Aumonier, Stacy (1887–1928)
The descendant of an old Huguenot family, Aumonier was an artist before he turned to writing in 1913. John Galsworthy regarded him as ‘one of the best short-story writers of all time’; and A. C. Ward claimed, in his Aspects of the Modern Short Story (1924), that Aumonier’s war stories resembled ‘an English epic of the Great War’ (252). Aumonier captured the varied reactions to war of his fellow countrymen, and portrayed the destruction of what many thought of as an English pre-war idyll in ‘The Match’ (1916).
Barnes, Julian (1946–)
Educated in London and at Oxford, Barnes has worked as a lexicographer, reviewer, editor and television critic. He is now a full-time writer and occasional translator, and lives in London. He has published crime fiction under the pseudonym Dan Kavanagh. For his ‘serious’ novels, Barnes has won numerous awards, both in Britain and abroad, and his works have been shortlisted frequently for the Man Booker Prize. To date, he has published two volumes of short stories – Cross Channel (1996) and The Lemon Table (2004).
Borden, Mary (1886–1968)
Born in Chicago, the daughter of a businessman. While travelling in Europe at the outbreak of the war, Borden decided to set up a hospital unit on the Western Front. She stayed in France for the duration, and was awarded the Croix de Guerre by the French government. She met her second husband, Edward Spears, while serving in France, and went to live with him in England. Of Borden’s novels, Sarah Gay (1931)is also loosely based on her own war experiences. Her collection of sketches, poetry and short stories, The Forbidden Zone (1929), derives entirely from her war experiences.
Brighouse, Harold (1882–1958)
Brighouse grew up in Manchester as the son of a businessman, and, after an apprenticeship in a company selling shipping equipment, went to work in the cotton trade. In 1902 he moved to London, where he embarked on his writing career. Brighouse was a prolific playwright, who also wrote eight novels, a number of short stories and worked as literary critic of the Manchester Guardian. Many of his plays feature Lancastrians, and the factory setting of Once a Hero may also owe much to his roots in a manufacturing town.
Buchan, John (1875–1940)
Educated in Glasgow and at Oxford, Buchan was a barrister, journalist, publisher and politician. He wrote and published his first novels while still at university. During the war he was a correspondent for The Times, and, in 1917, was made director of information for the Secret Service. Buchan was created Baron Tweedsmuir, and in 1935 moved to Canada as its governor general. He wrote a large number of historical novels and many short stories, published in seven collections and in magazines such as the Spectator and Blackwood’s. However, his literary fame rests primarily on his spy thrillers, most famously The Thirty-Nine Steps (1915).

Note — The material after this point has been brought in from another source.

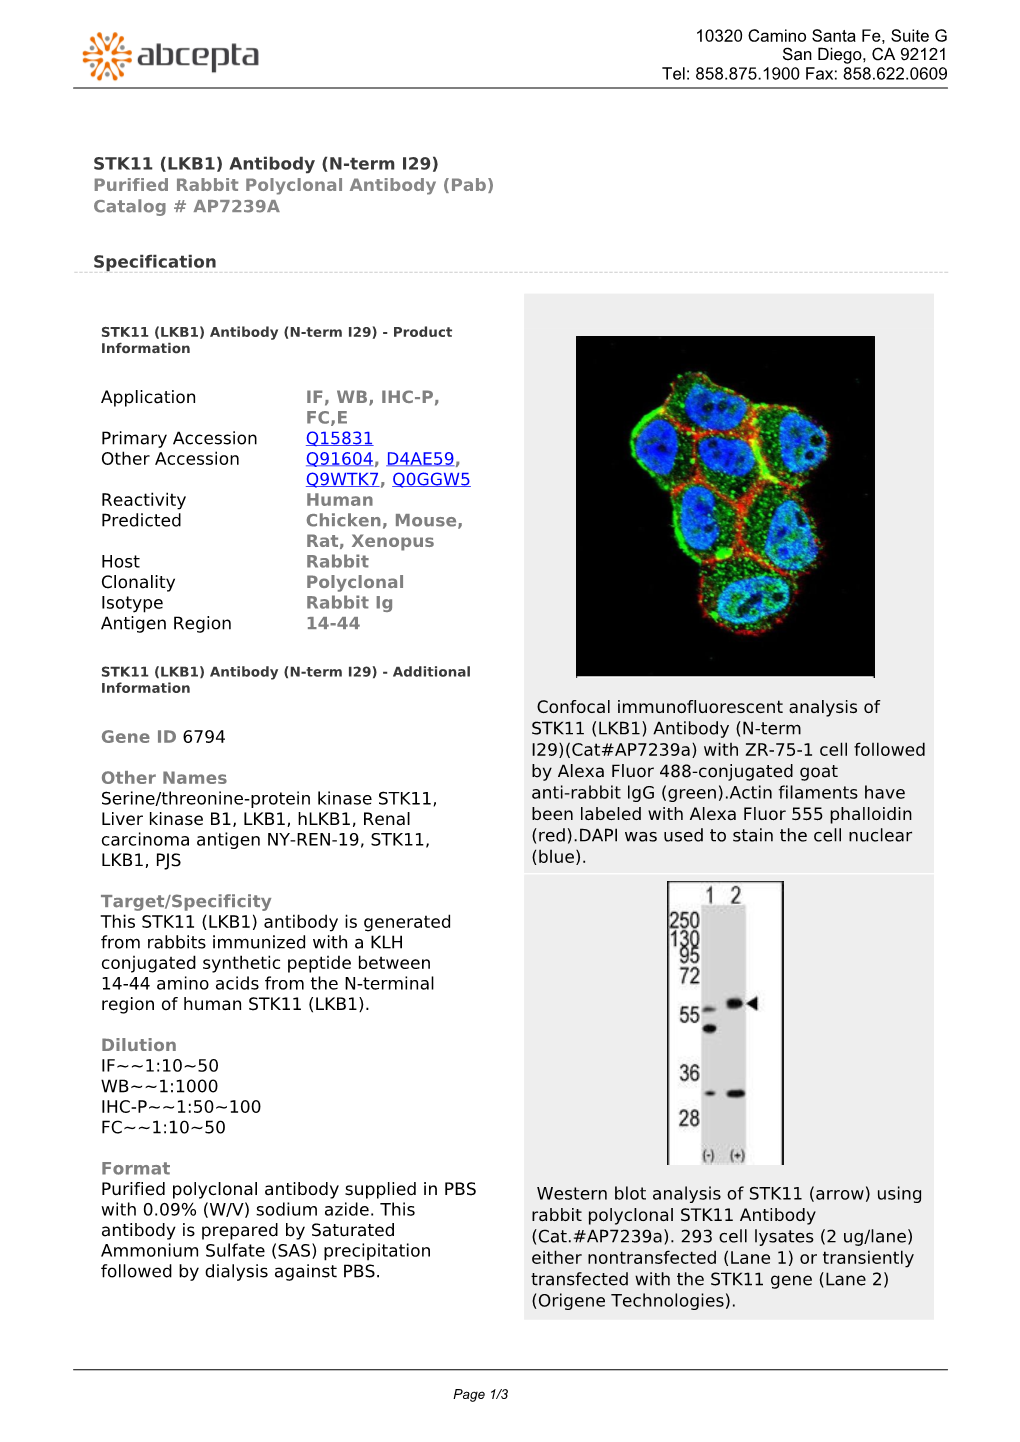 STK11 (LKB1) Antibody (N-Term I29) Purified Rabbit Polyclonal Antibody (Pab) Catalog # AP7239A

Conrad, Joseph (1857–1924)
Józef Teodor Konrad Korzeniowski was born in Ukraine, then part of the Russian Empire. His parents were Polish nationalists and belonged to the impoverished gentry, but Conrad was orphaned young and moved to Marseille at sixteen to seek his fortune at sea. After several years as an apprentice on sailing ships, he joined the British Merchant Navy in 1879. Once he had passed the required exams, he became a captain and a naturalized British subject. He embarked on a professional writing career in the 1890s, drawing on his travels and experiences abroad. Of his many novels and short stories, ‘The Tale’ is the only one to address the First World War.
Doyle, Sir Arthur Conan (1859–1930)
The son of Irish immigrants, Doyle grew up in southern Scotland and studied medicine in Edinburgh. He soon began to write, producing historical novels, plays, poetry, treatises on military history and spiritualism, but he is best known for his Sherlock Holmes stories. An ardent patriot, he had already been an apologist of the Boer War, about which he wrote a propaganda pamphlet and a history. During the First World War, he agreed to work for the War Propaganda Bureau, alongside other popular writers like Rudyard Kipling, John Galsworthy, H. G. Wells and Thomas Hardy. In the war he lost not only his son, Kingsley, but a brother, two brothers-in-law and two nephews.

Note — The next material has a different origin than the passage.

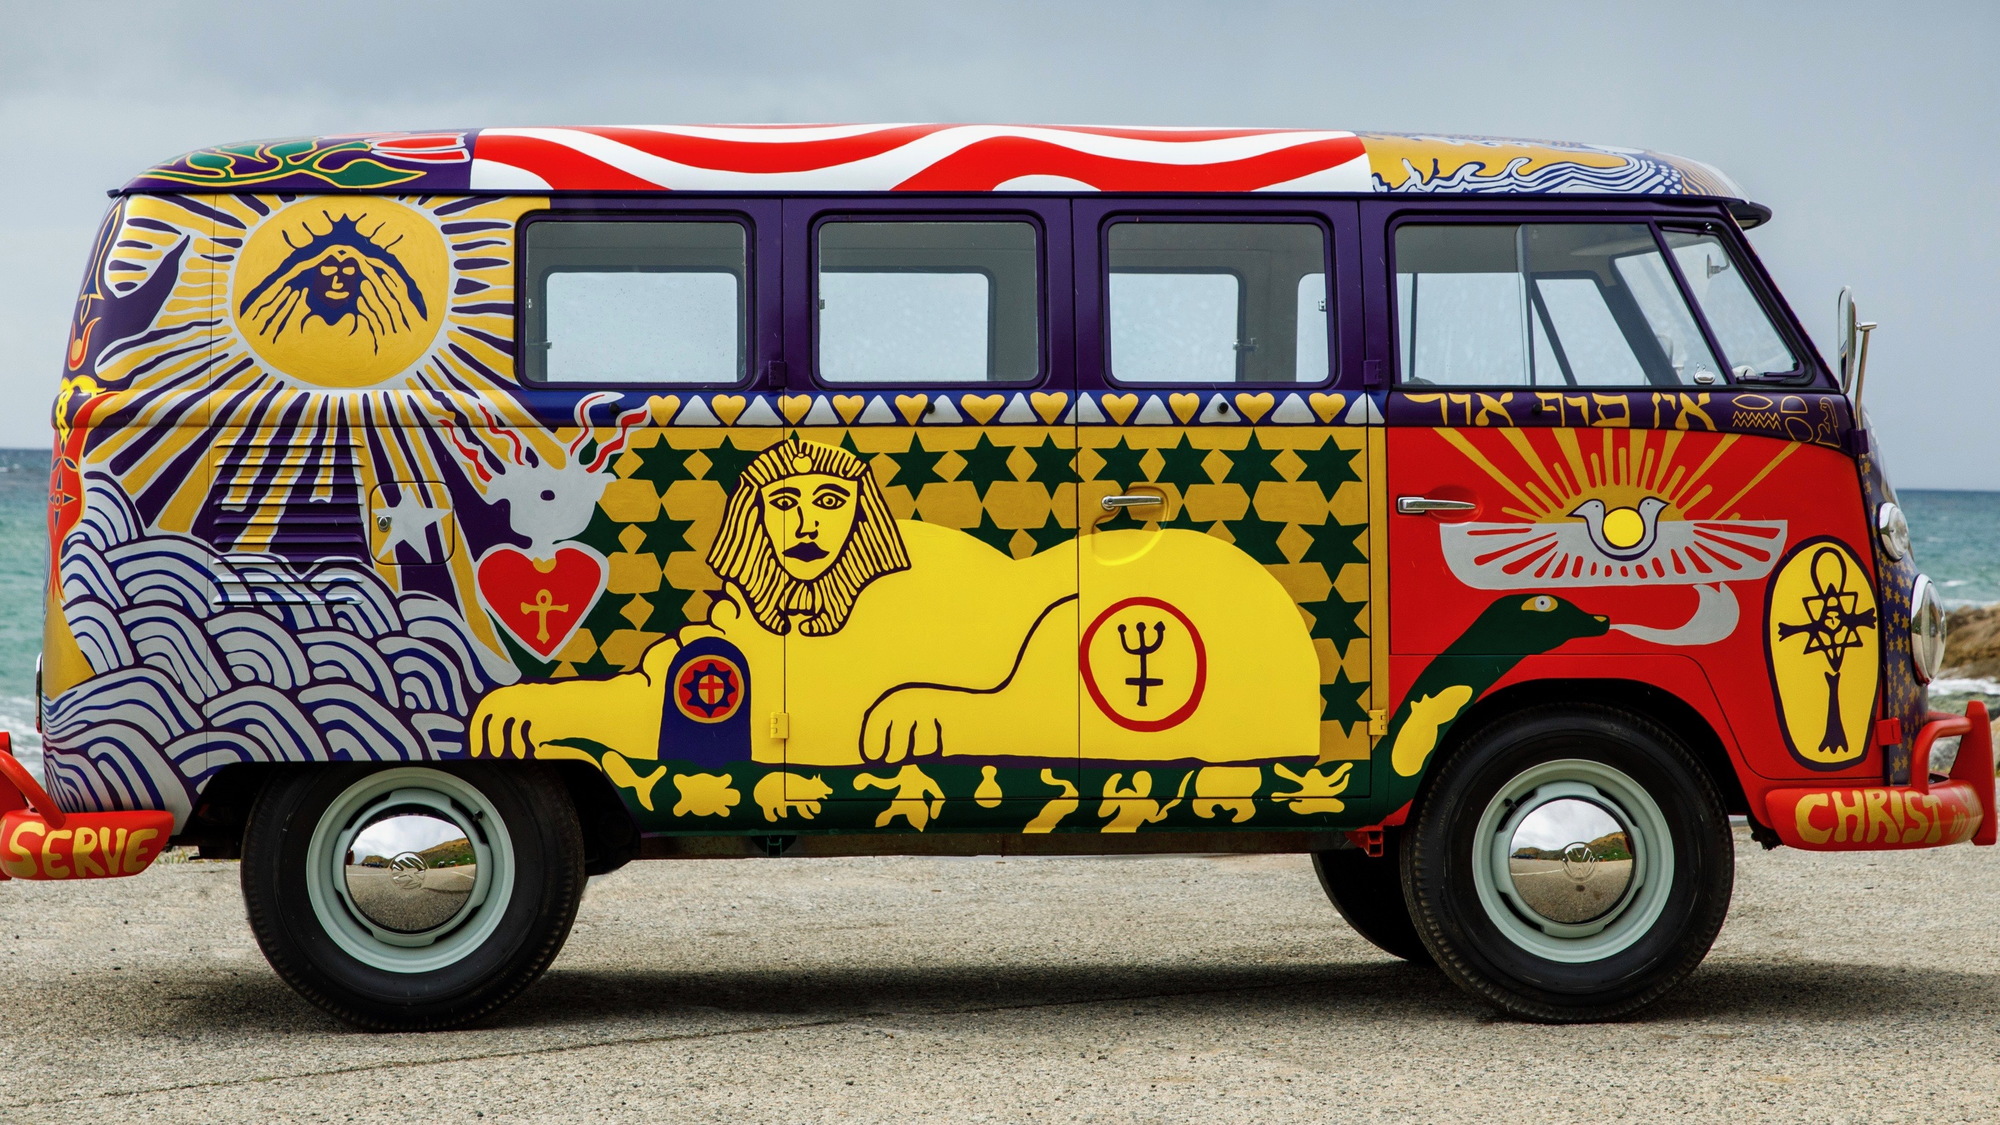 Iconic ‘Light’ VW bus of Woodstock fame

Galsworthy, John (1867–1933)
After Harrow, Galsworthy studied law at Oxford, but decided to become a writer. As a novelist he remained one of the most widely read British authors until the 1950s. His fiction won him many awards, most notably the Nobel Prize for Literature in 1932, for The Forsyte Saga. During the war, Galsworthy donated all his literary income to the war effort and various relief funds; he also wrote for the War Propaganda Bureau. However, his attitude towards the war, and particularly towards the vilification of the enemy in the press, was not uncritical. His sister Lilian was married to the Bavarian painter Georg Sauter, who was interned during the war, to Galsworthy’s indignation.

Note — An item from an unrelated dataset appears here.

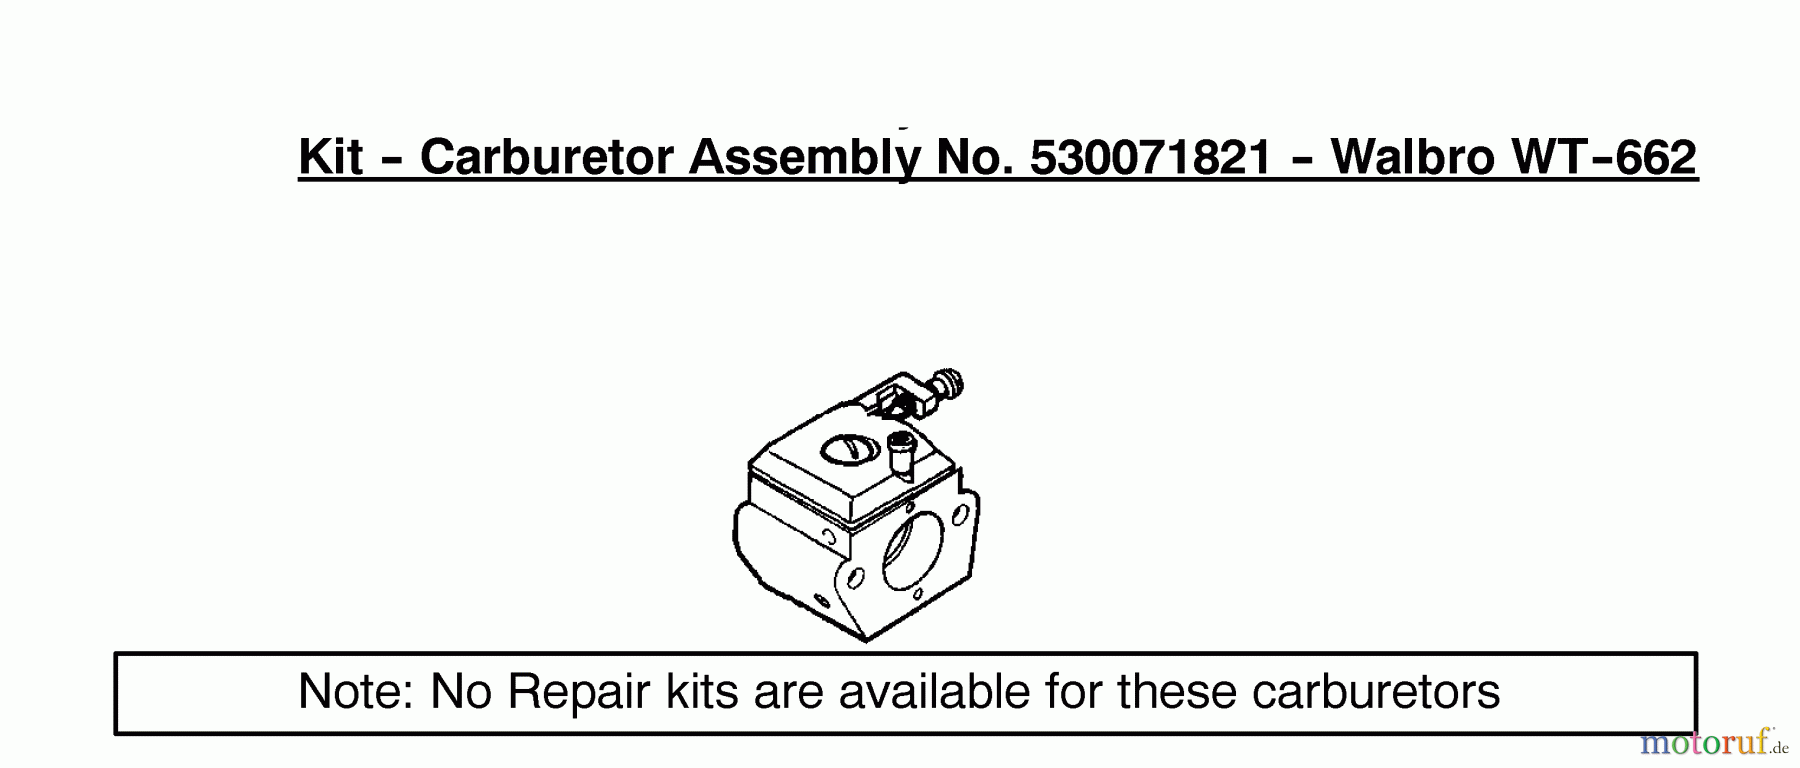  Poulan / Weed Eater Motorsägen 2550LE (Type 2) - Poulan Woodmaster Chainsaw Carburetor Assembly Kit (Walbro WT-662) 530071821

Graves, Robert von Ranke (1895–1985)
Graves was born in London. He enlisted at the beginning of the war, although he had an Oxford scholarship, and his first poems appeared while he was serving in the army. At the battle of the Somme he was wounded so severely that his family was informed of his death, but he recovered, albeit with lasting damage to his lungs. After the war, Graves took up his place at Oxford, and later lived in Cairo, Mallorca and Pennsylvania. From 1961 to 1966, he was professor of Poetry at Oxford University. He perceived himself primarily as a poet, although he produced several successful novels, such as the best-selling I, Claudius (1934), a memoir and works of non-fiction.
Grossmith, Robert (1954–)
Born in Dagenham, Essex, Grossmith spent seven years in Sweden as a translator and teacher, then did a PhD at the University of Keele. His doctoral thesis, Other States of Being: Nabokov’s Two-world Metaphysic, was published in 1987, followed by a novel, The Empire of Lights (1990).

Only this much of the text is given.